Advantage with AWS Serverless
- Scalability: API Gateway scales automatically to handle high concurrency. Lambda scales horizontally (serverless) and is invoked only when needed. SageMaker Endpoint supports auto-scaling to handle varying inference loads.
- Low Latency: Real-time inference is achieved with the SageMaker Endpoint.
- Cost Optimized: Lambda is a pay-per-use service, so we're not paying for idle compute resources. SageMaker Endpoint supports multi-model endpoints and elastic inference for cost savings.
- AWS Serverless and fully managed services: Fully managed services reduce operational overhead for model hosting and frontend and backend infrastructure.
# Model flow S3 (Model Artifacts) → SageMaker Model → Real-Time Endpoint (GPU) → Auto-Scaling + Model Monitor # Image and Inference flow S3 Static web → Upload Image → API Gateway → Lambda (Image Preprocessing) → SageMaker Endpoint (Real-Time Inference) → API Gateway → S3 (Result)
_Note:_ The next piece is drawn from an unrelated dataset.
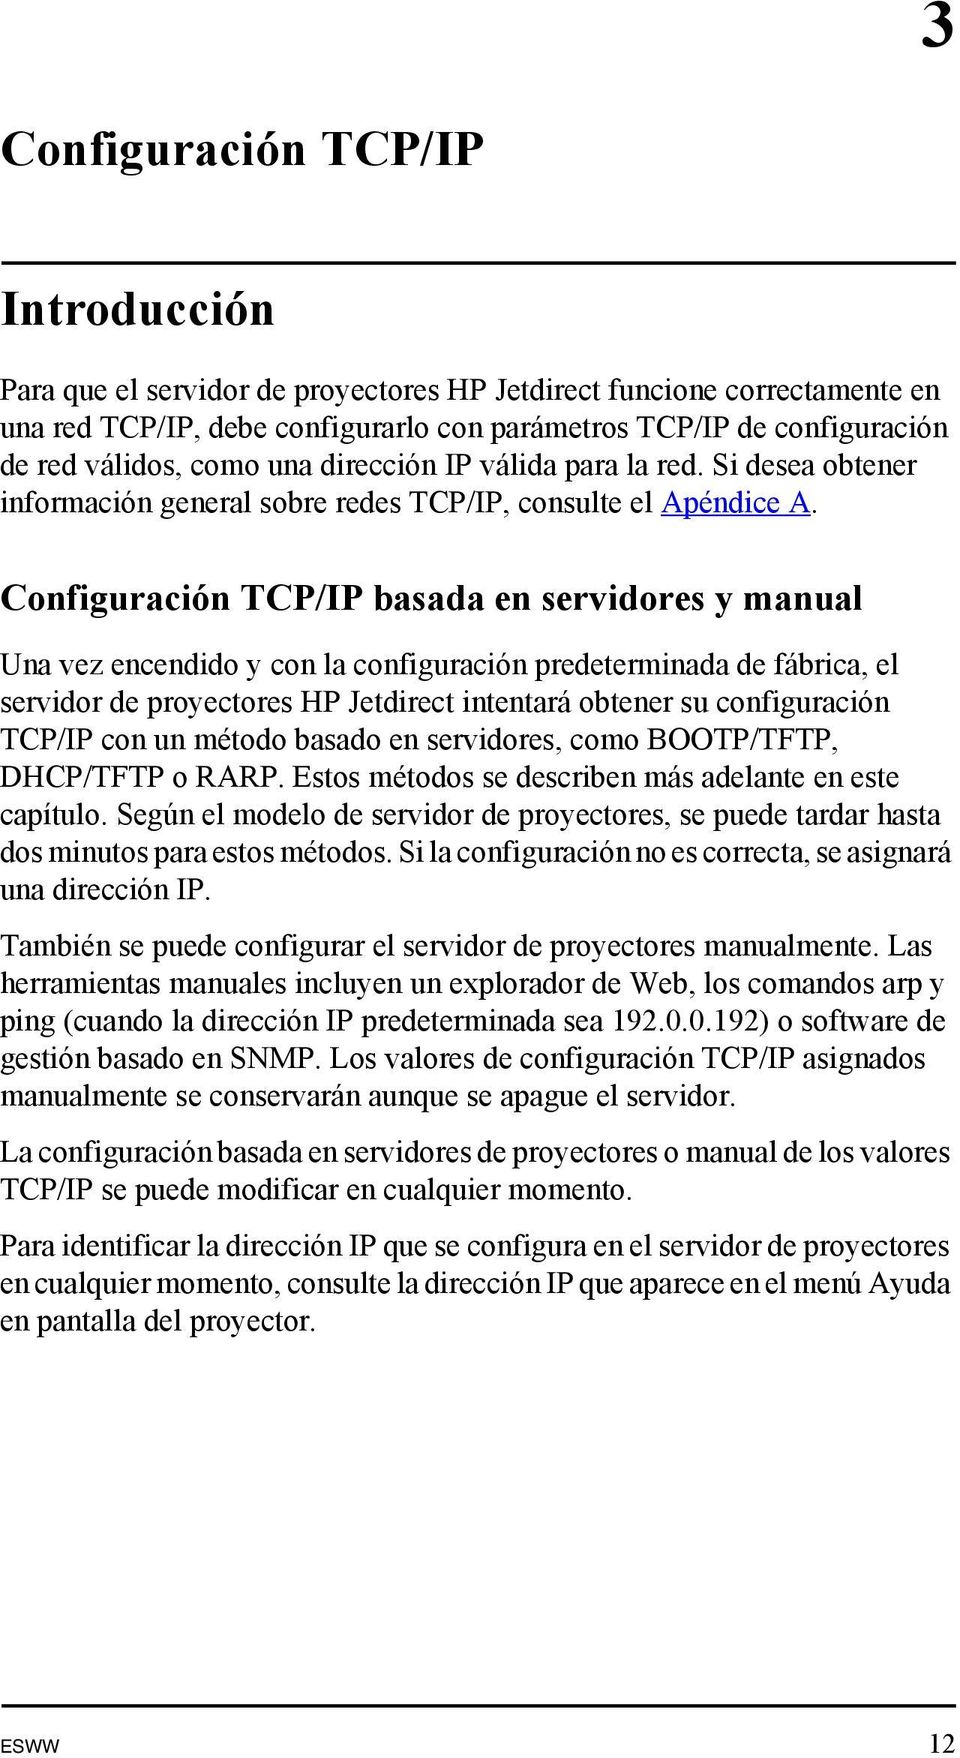 Configuración TCP/IP basada en servidores y manual Una vez encendido y con la configuración predeterminada de fábrica, el servidor de proyectores HP Jetdirect intentará obtener su configuración
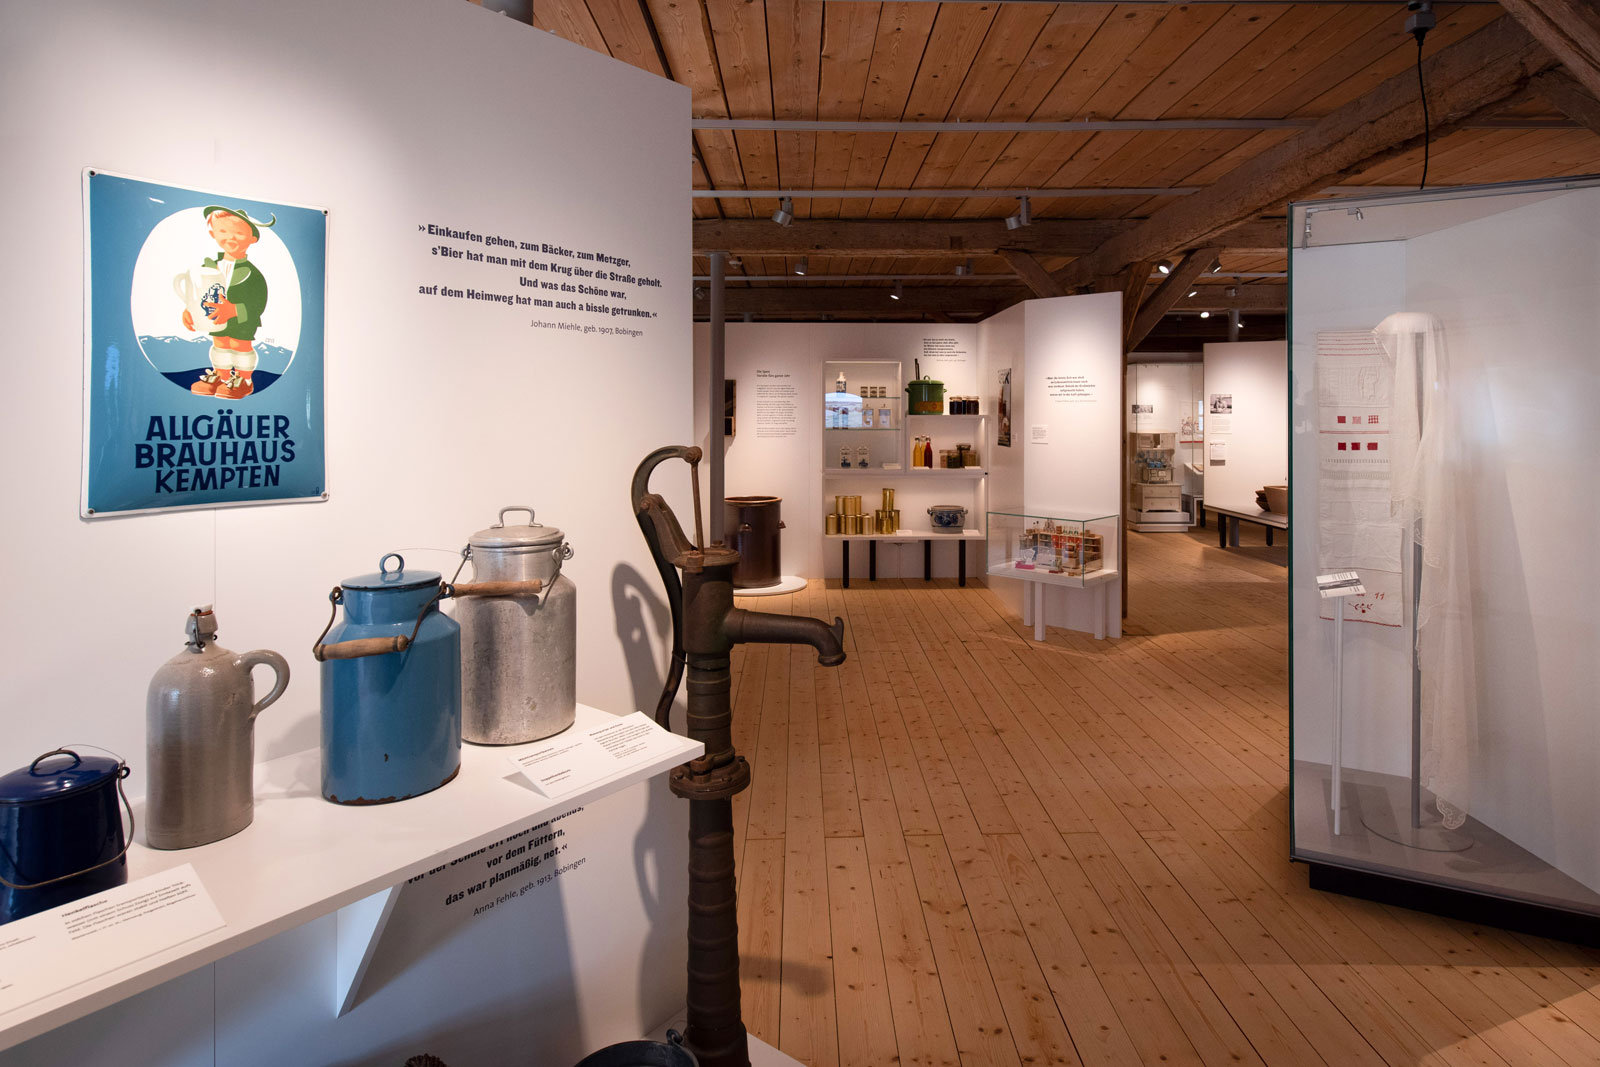 Das Referenzbild für Ausstellungsgestaltung aus der Dauerausstellung Tradition und Umbruch zeigt den Ausstellungsparcours mit einer Exponatpräsentation.

Design of the Pneumonia Classifier Application with AWS Serverless
Here are the components of the serverless application:
- Frontend: Contains the static files for the website hosted on S3, allowing users to upload images and display predictions.
- Backend: Yaml file to deploy API Gateway to trigger the Lambda function.
- Lambda: Defines function to process the image and interact with the SageMaker endpoint.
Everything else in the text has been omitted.